Qualifications, Competencies And Skills

• University degree (3‑4 years) in computer science, information security, or related field, or specialized higher education establishment.
• One or more of the following industry certifications:
  • Security Architecture: SABSA, CISSP
  • Governance, Risk & Compliance: CISM, CRISC, ISO 27001 Lead Implementer
  • Secure SDLC: CSSLP, GSSCS, DevSecOps Practitioner
  • Cloud & DevSecOps: CCSP, CKS, GCSA
  • API & Supply Chain: API Security Engineer, OpenSSF, SANS GSSCS

• At least 5 years of experience in a large and complex IT enterprise environment.
• Proven hands‑on multi‑year experience in security roles, with at least 3+ years as a Security Architect.
• Proven experience implementing DevSecOps practices in enterprise‑level CI/CD pipelines.

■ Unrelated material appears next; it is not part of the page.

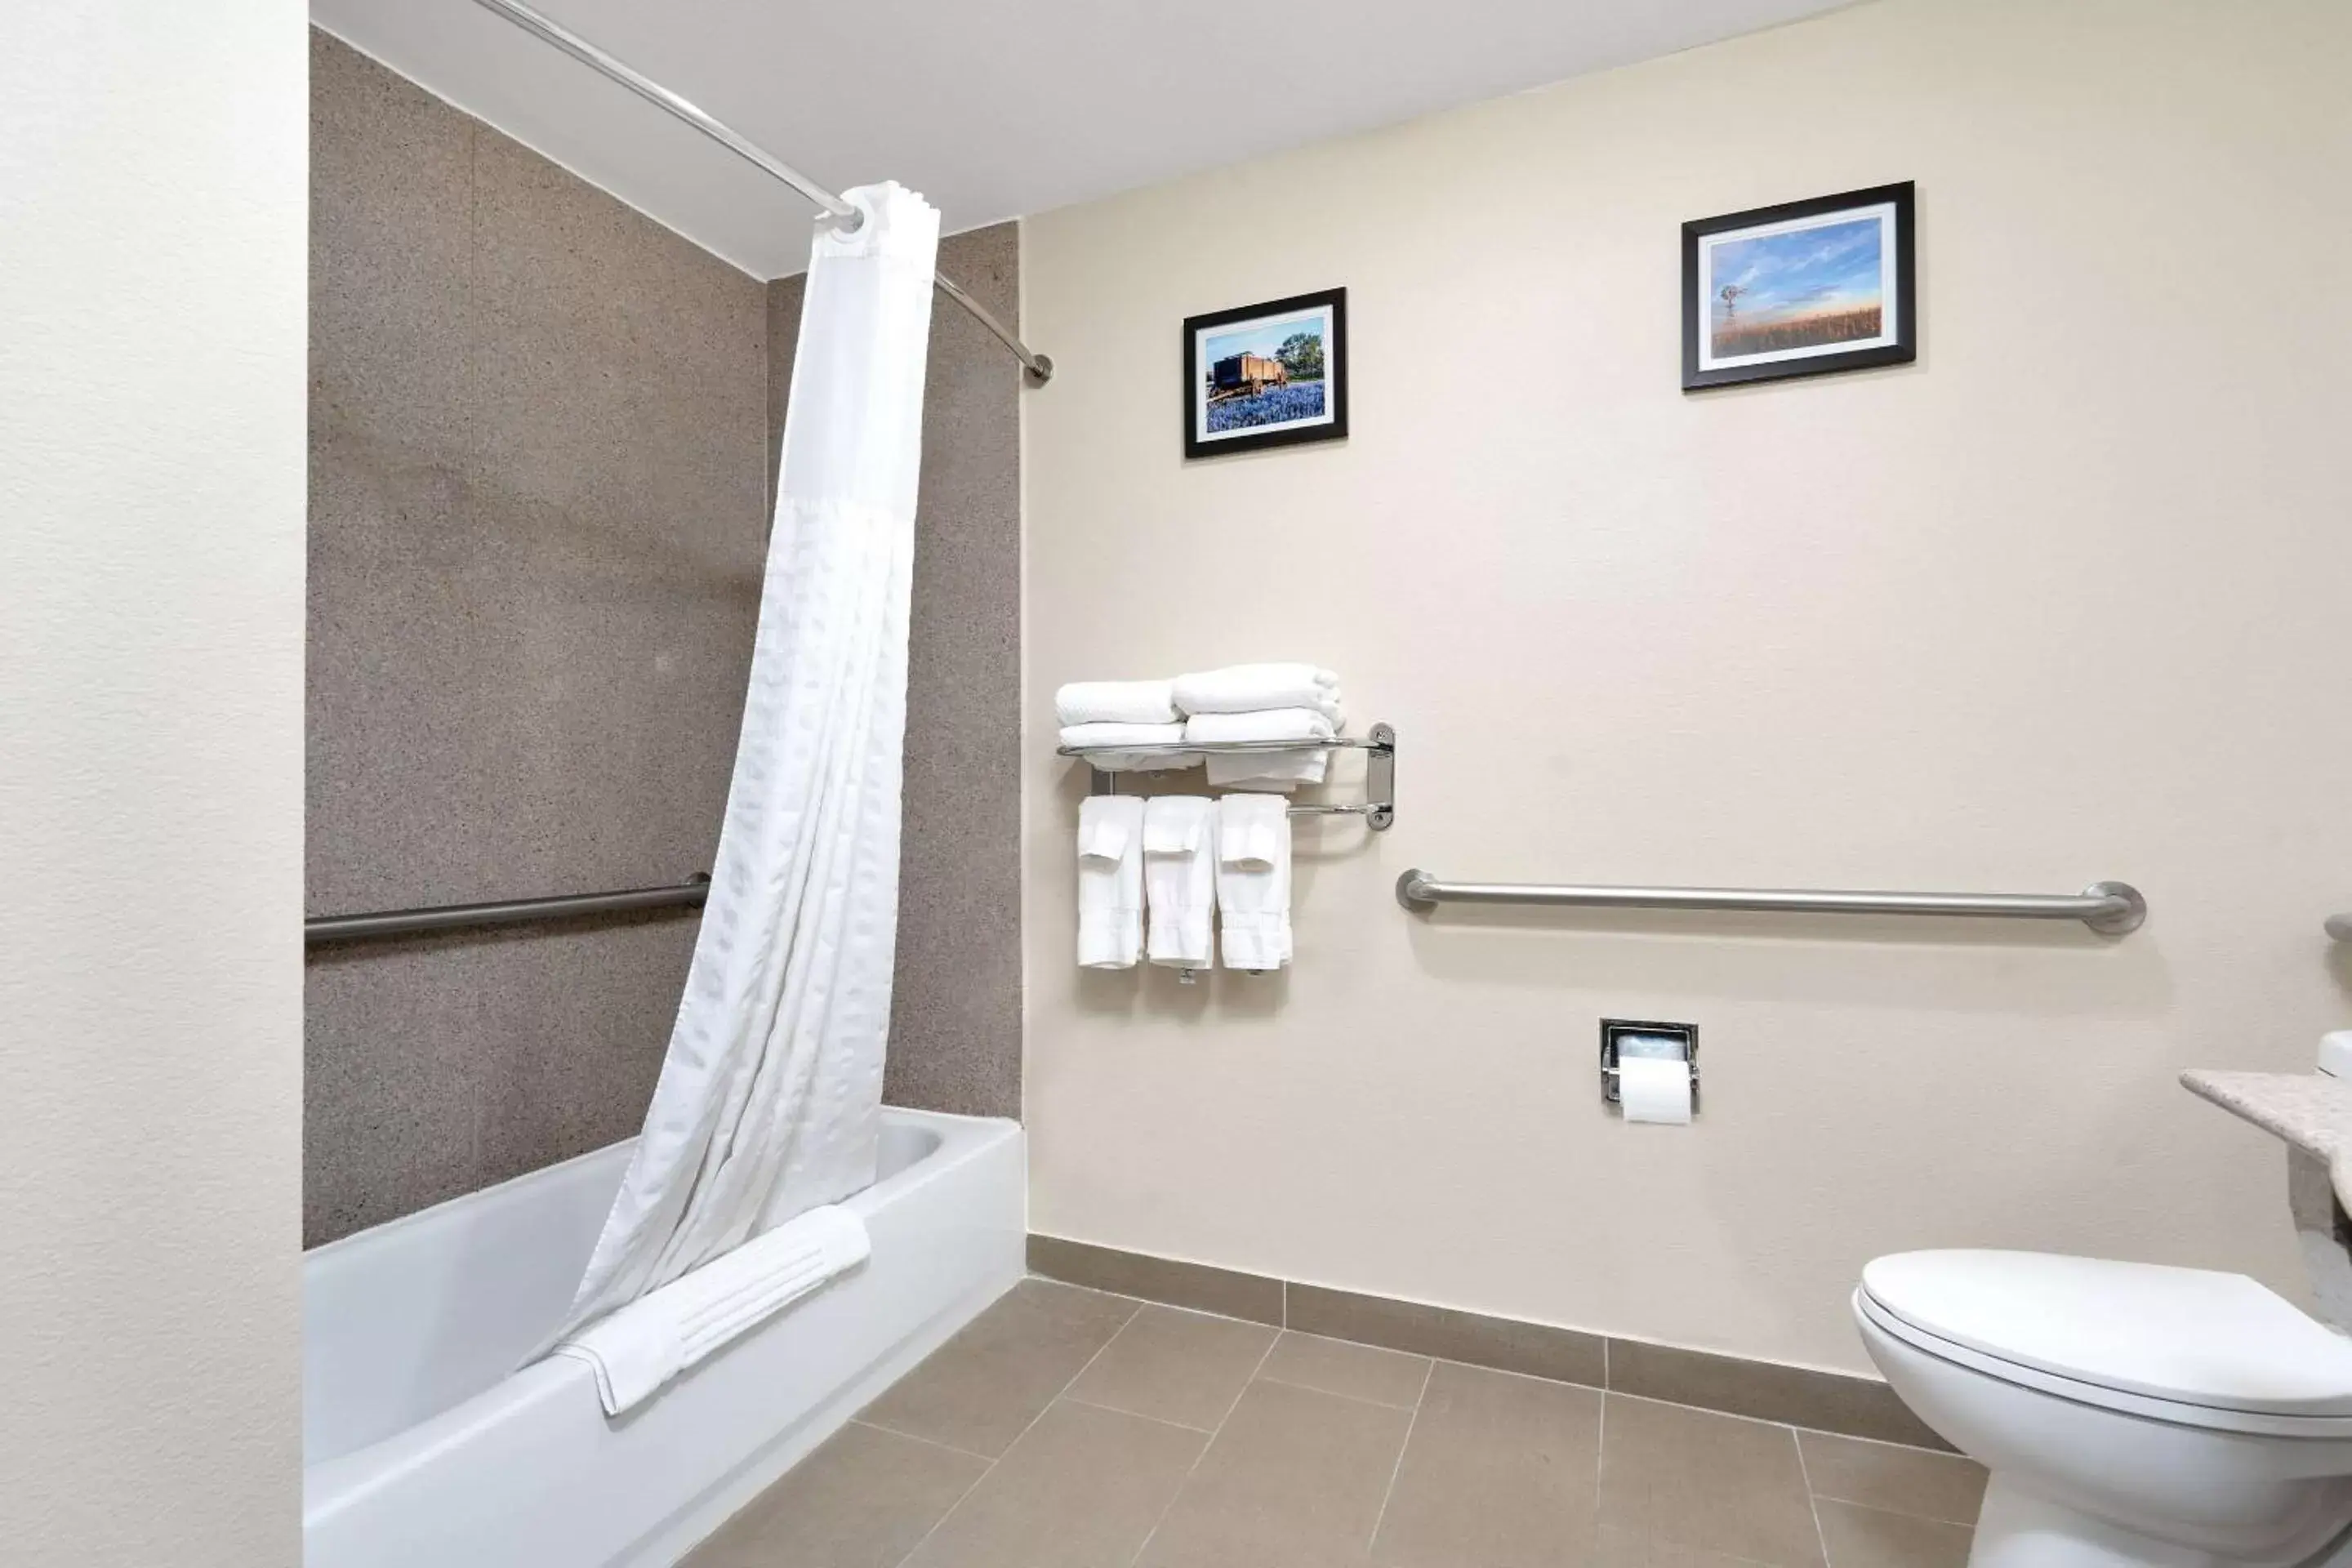 Bedroom, Bathroom in Comfort Suites University Abilene
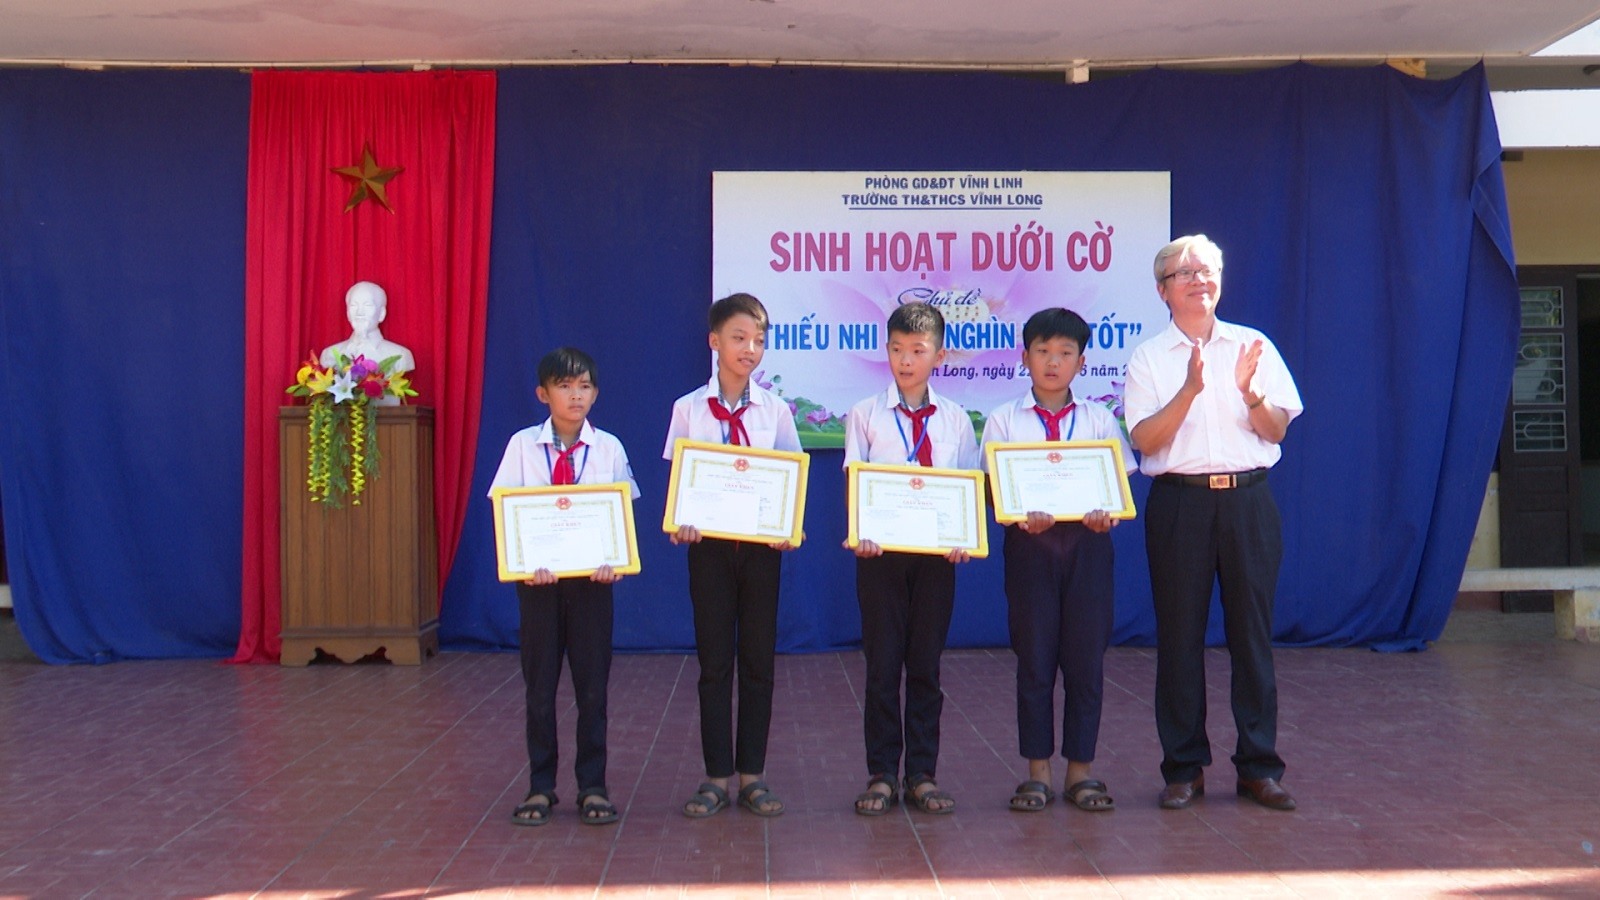 Thầy giáo Nguyễn Văn Thảo Nguyên, Phó trưởng phòng Tổ chức cán bộ - Chính trị tư tưởng trao giấy khen của GĐ Sở GD&ĐT cho 4 em học sinh có hành động đẹp cứu người gặp nạn.

• Fluency in English is required.
• Proficiency of a second official working language of the Organization (Arabic, French, or Spanish) would be an additional asset.

• Excellent interpersonal and problem‑solving skills; ability to work effectively in multicultural and diverse environments.
• Proven results‑oriented and goal‑driven attitude.
• Skilled in training and enabling development teams through workshops, playbooks, and secure coding guidance.
• Strong ability to translate complex security requirements into scalable architecture and design patterns.
• Expertise in enterprise security architectures for cloud‑native, hybrid, and on‑prem environments.
• Proven leadership in security reviews, governance processes, and architectural consistency.
• Experience defining reference architectures, reusable components, and security blueprints.
• Deep knowledge of DevSecOps, SSDLC, and security tooling (SAST, DAST, SCA, IaC, container scanning, secrets detection).
• Ability to embed security into DevOps workflows using automation and policy‑as‑code.
• Expertise in cloud‑native and container security (CIS Benchmarks, workload identity, runtime protections).
• Strong skills in API security and software supply chain protection (OAuth2.0/OIDC, SBOMs, artifact signing, API gateways).
• Knowledge of Web Application Firewalls (WAFs) and OWASP Top 10 defenses.
• Ability to continuously adapt based on threat intelligence and MITRE ATT&CK mapping.